13 . The CaNCR peptide variant of claim 9 , wherein said peptide comprises an amino acid sequence having at least 50%, 55%, 60%, 70%, 80%, 84%, 87%, 90%, 93%, or 96% sequence identity across the entire length of SEQ ID NO: 8, optionally wherein said peptide comprises an amino acid sequence having at least 50%, 55%, 60%, 70%, 80%, 84%, 87%, 90%, or 93% sequence identity across the entire length of SEQ ID NO: 8 that lacks the N-terminal lysine (K1) or optionally the N-terminal lysine (K1) and lysine (K2) residues of SEQ ID NO: 8.

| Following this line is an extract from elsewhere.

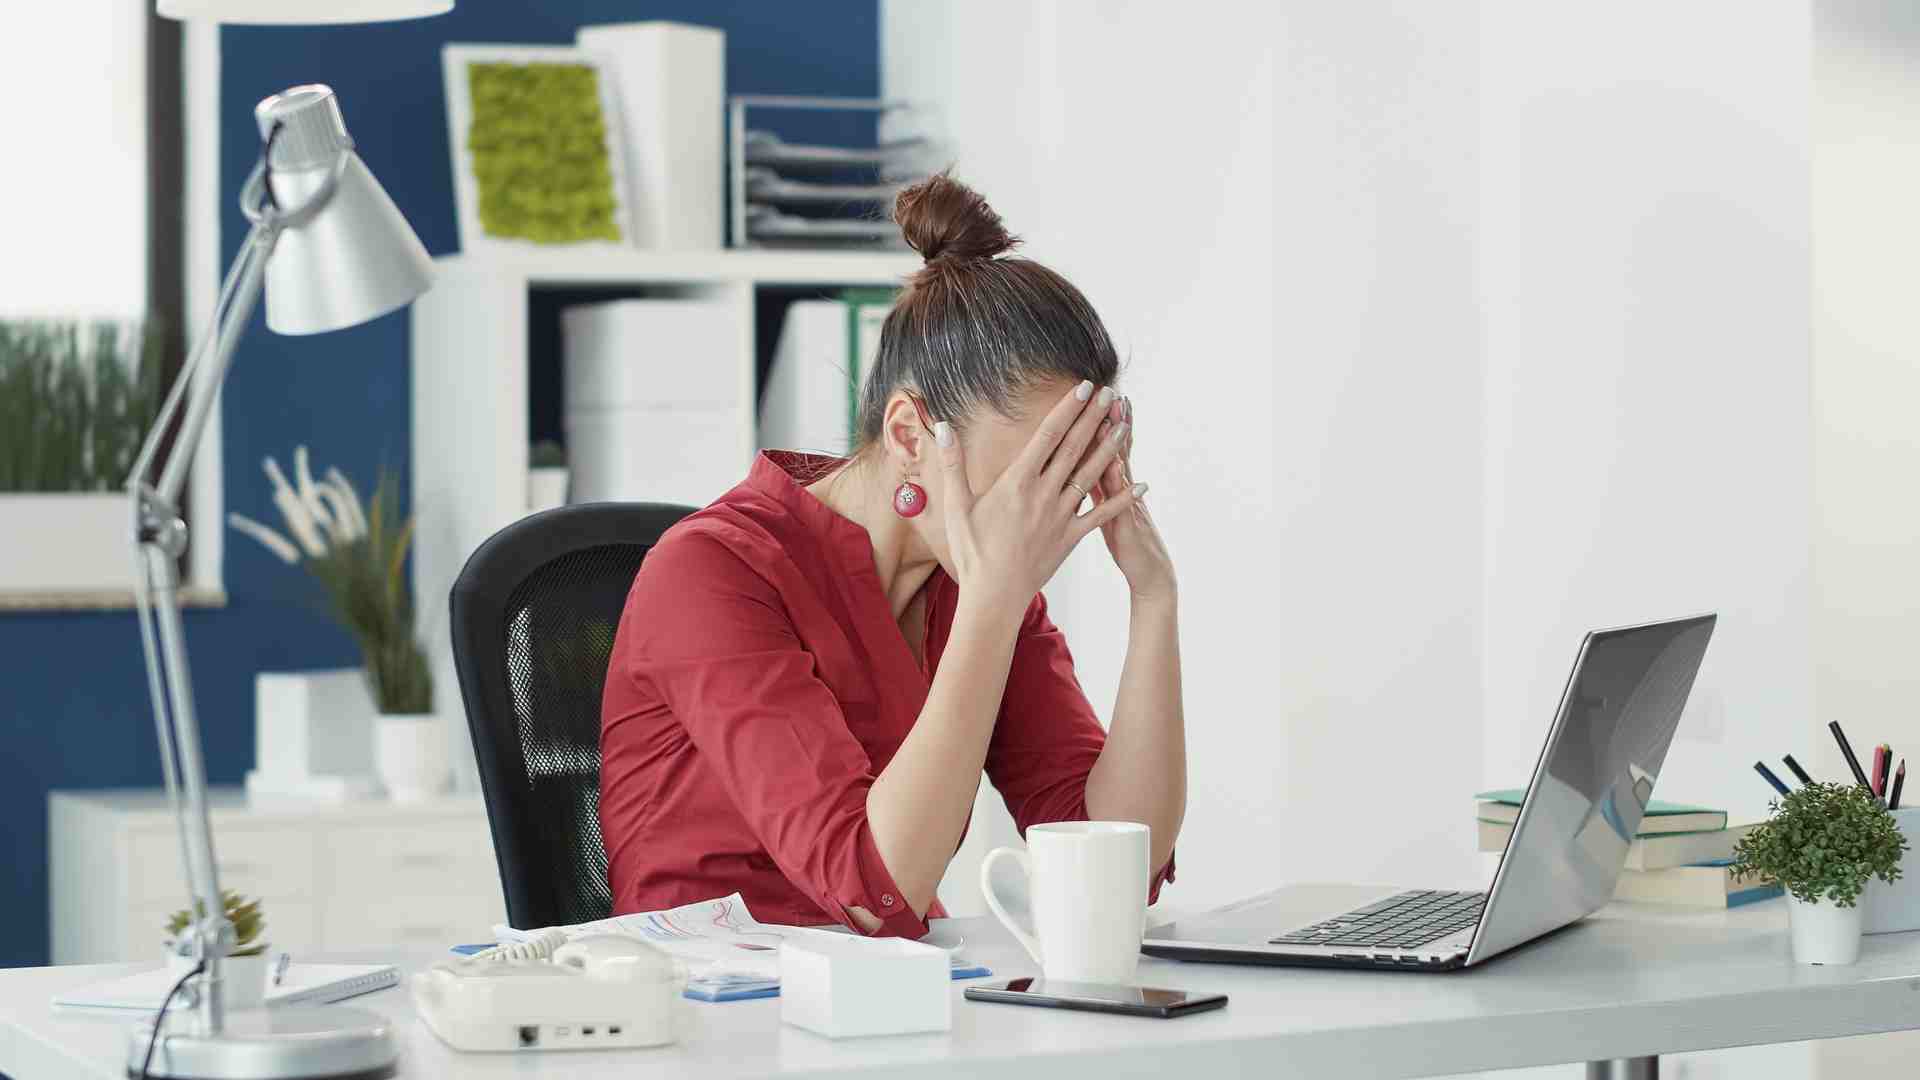 Stressed employee making mistake at office startup job, using sales statistics to do data research. Disappointed woman feeling displeased with business company failure, working on laptop.

14 . The CaNCR peptide variant of claim 9 , wherein the peptide comprises the amino acid sequence of SEQ ID NO: 9, 10, 11, 12, or an N-terminal truncation thereof lacking the N-terminal lysine (K1) or the N-terminal lysine (K1) and lysine (K2) residues of SEQ ID NO: 9, 10, 11, or 12.
15 . The CaNCR peptide variant of claim 1 , comprising a CaNCR14 peptide variant containing one or more amino acid substitutions in the peptide sequence of SEQ ID NO: 15 selected from the group consisting of a D3I substitution, D3A substitution, D3L substitution, D3A substitution, a D3P substitution, a T6W substitution, a K23F substitution, or any combination of said substitutions, wherein the substitutions are numbered according to the amino acid residue numbering of SEQ ID NO: 15.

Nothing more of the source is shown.